My Site Got Hacked

So I go away for the Thanksgiving weekend and come home to find out my site has been hacked. The attack consisted of setting up some elaborate phishing attacks for multiple Canadian and US banks. The main damage was done at a site that I maintain for some friends of mine, namely, Will Stroet's site. It is in a subdirectory of this site, set up with a domain pointer. I had ftp access enabled to the willmusic.ca directory ONLY and so I had assumed that the attackers had come in that way, through FTP. Then I noticed 3 files in my drupal modules/month directory.
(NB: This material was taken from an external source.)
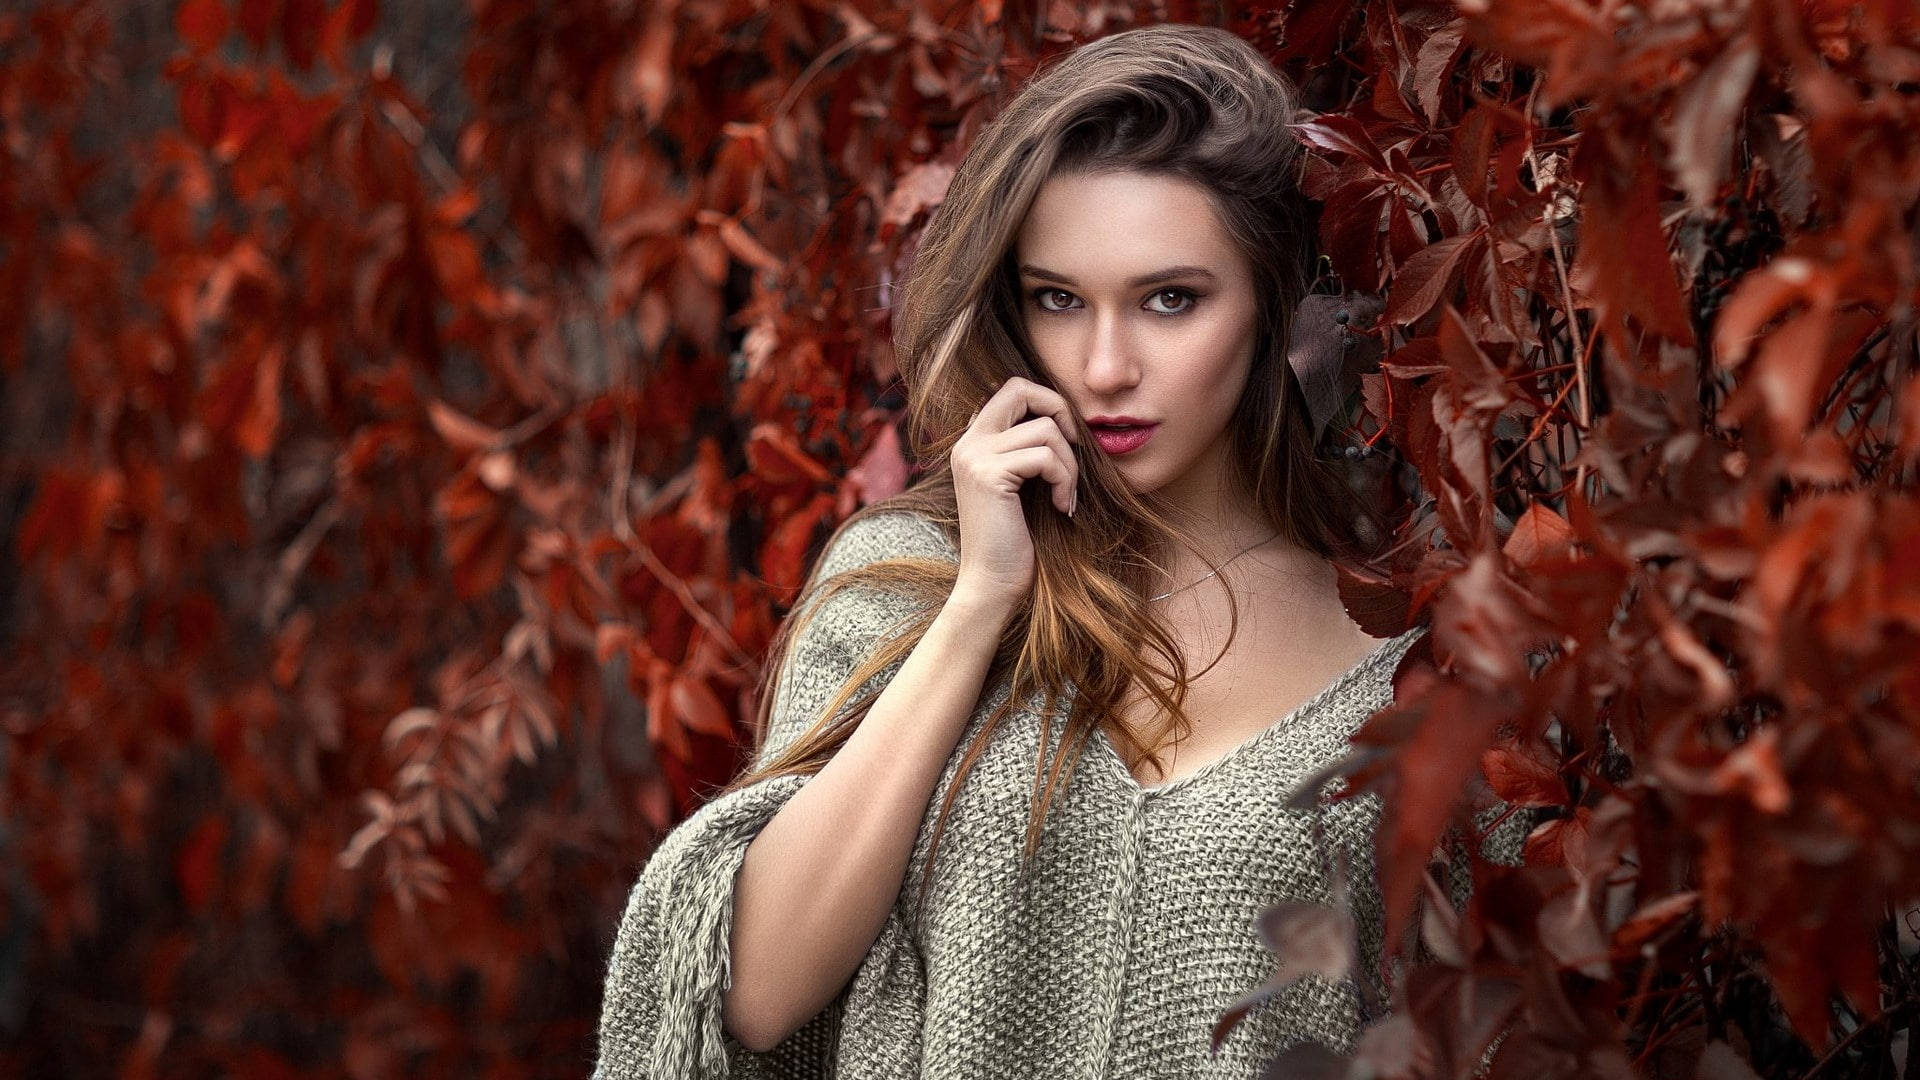 Pretty Model During Autumn Macbook Wallpaper

That got be really worried that there is some sort of security hole in Drupal or that my SSH credentials had been compromised in some way, because there is no FTP access to that directory (or at least there shouldn't be).

So far I have changed email passwords for the 2 email addresses set up through my hosting company site5 and changed the FTP password. Next, I am going to change my Drupal passwords and ssh password.

The good news is that I haven't lost any data as far as I know. One file was overwritten but it was easily recovered from an old backup (it was a template file that hadn't changed since the last backup anyways).

Comments

They uploaded a bunch of files that are made to look like a bank's website and then they ask for your personal info. They'll do it on any site, no matter what is on the site. See Phishing at Wikipedia.org.